Category: Blogs

Meet The Cast of Barefoot in the Park: Andrew Tebo

Summer is far from over at the LDTC! Barefoot in the Park opens Aug. 30. We caught up with Andrew Tebo who has been seen in several LDTC productions including 1940’s Radio Hour & You’re a Good Man Charlie Brown. Here’s a little about Andrew’s take on his character the Telephone Man and his thoughts about the show.

Can you tell us about your character? I play the telephone repairman. He goes up huffing and puffing, to Corie and Paul’s new apartment in an attempt to fix their phone. He’s a true New Yorker and a fly on the wall to their marital discord.

What does Barefoot in the Park mean to you? Barefoot in the Park is a show full of heart and laughs. One of Neil Simons most witful written pieces.

What can audiences expect when they come to Barefoot in the Park? The LDTC Audiences should be ready to smile from ear to ear watching a quirky newlywed couple settle into their new home, six stories up from the busy New York streets.

What is the most challenging part of Barefoot in the Park? The most challenging part of Barefoot in the Park is the expectations that come with being in a Neil Simon play. It’s a high standard of comedy that takes precision.

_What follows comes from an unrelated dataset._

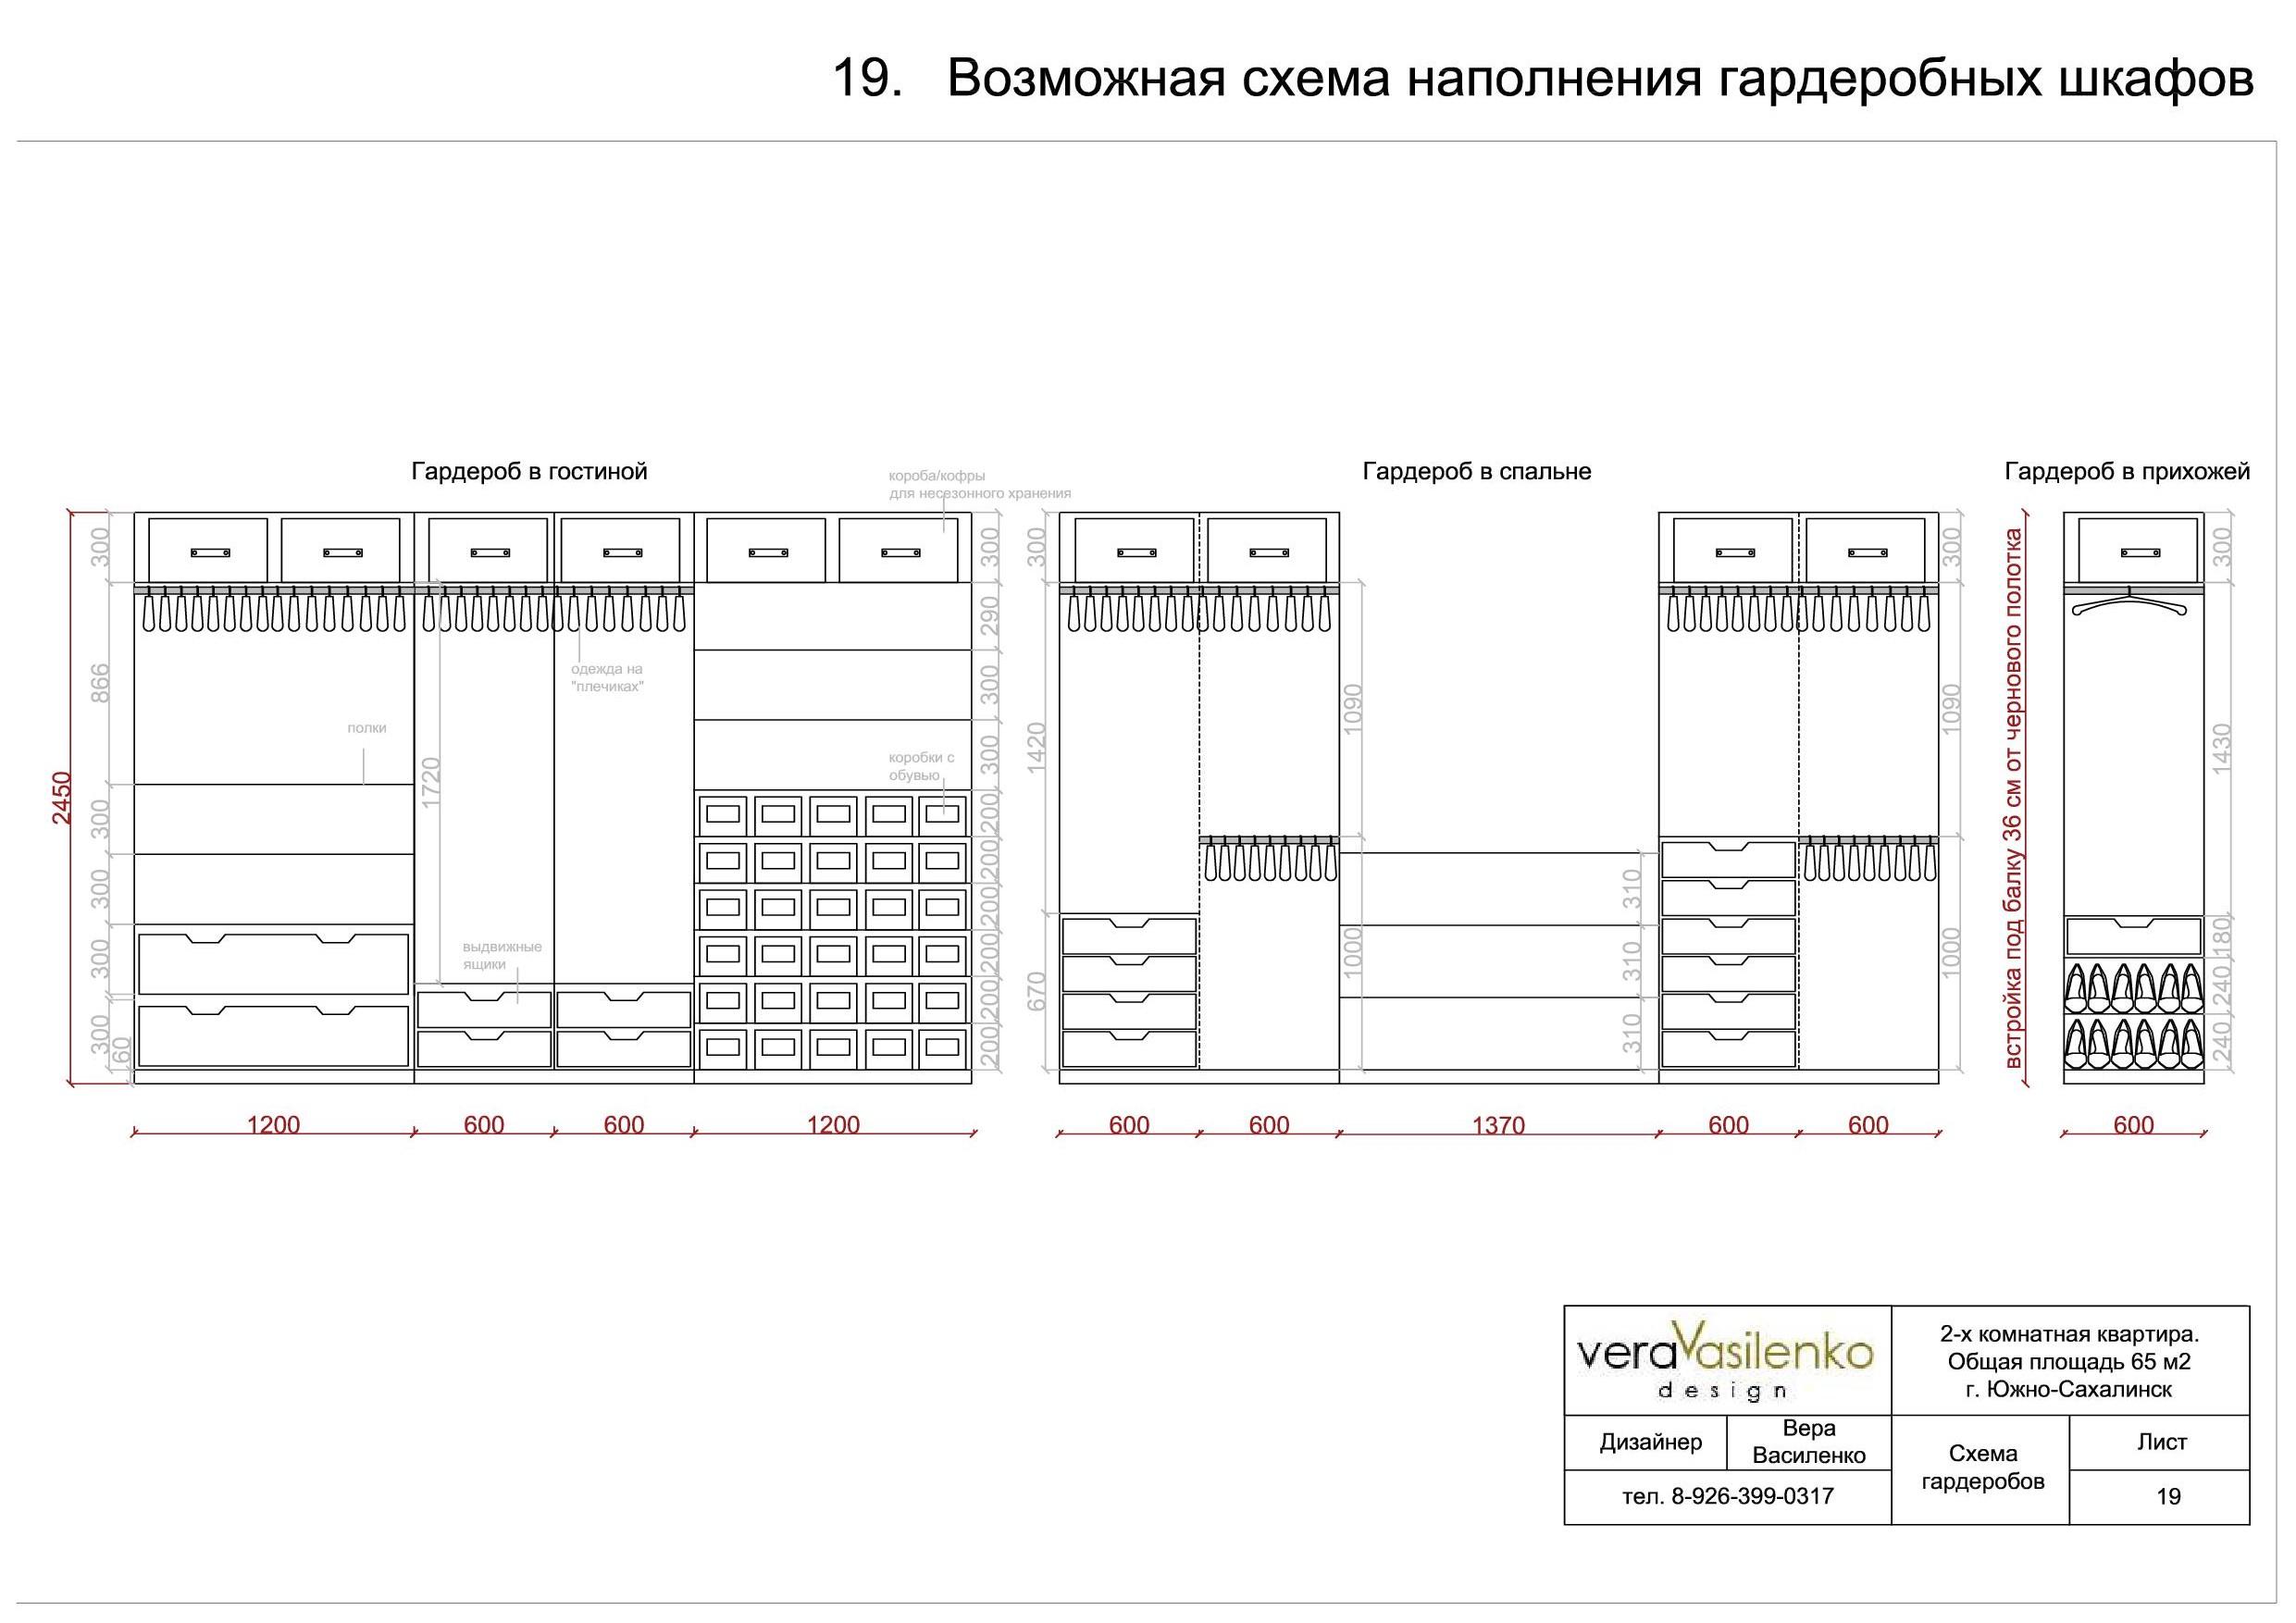 19. Схемы шкафов

What is the most exciting part of Barefoot in the Park? The most exciting part about Barefoot in the Park is being in a Neil Simon play! He’s a literary genius. I’m so stoked to be bringing his words to life! This is a bucket list show for me and I’m excited to be part of it right here at LDTC.

What is most exciting about returning to the LDTC and Summit County? I’m so happy to be returning to my home away from home. Summit County warms my heart every time I’m there. So grateful for the work and opportunities that LDTC always offers me.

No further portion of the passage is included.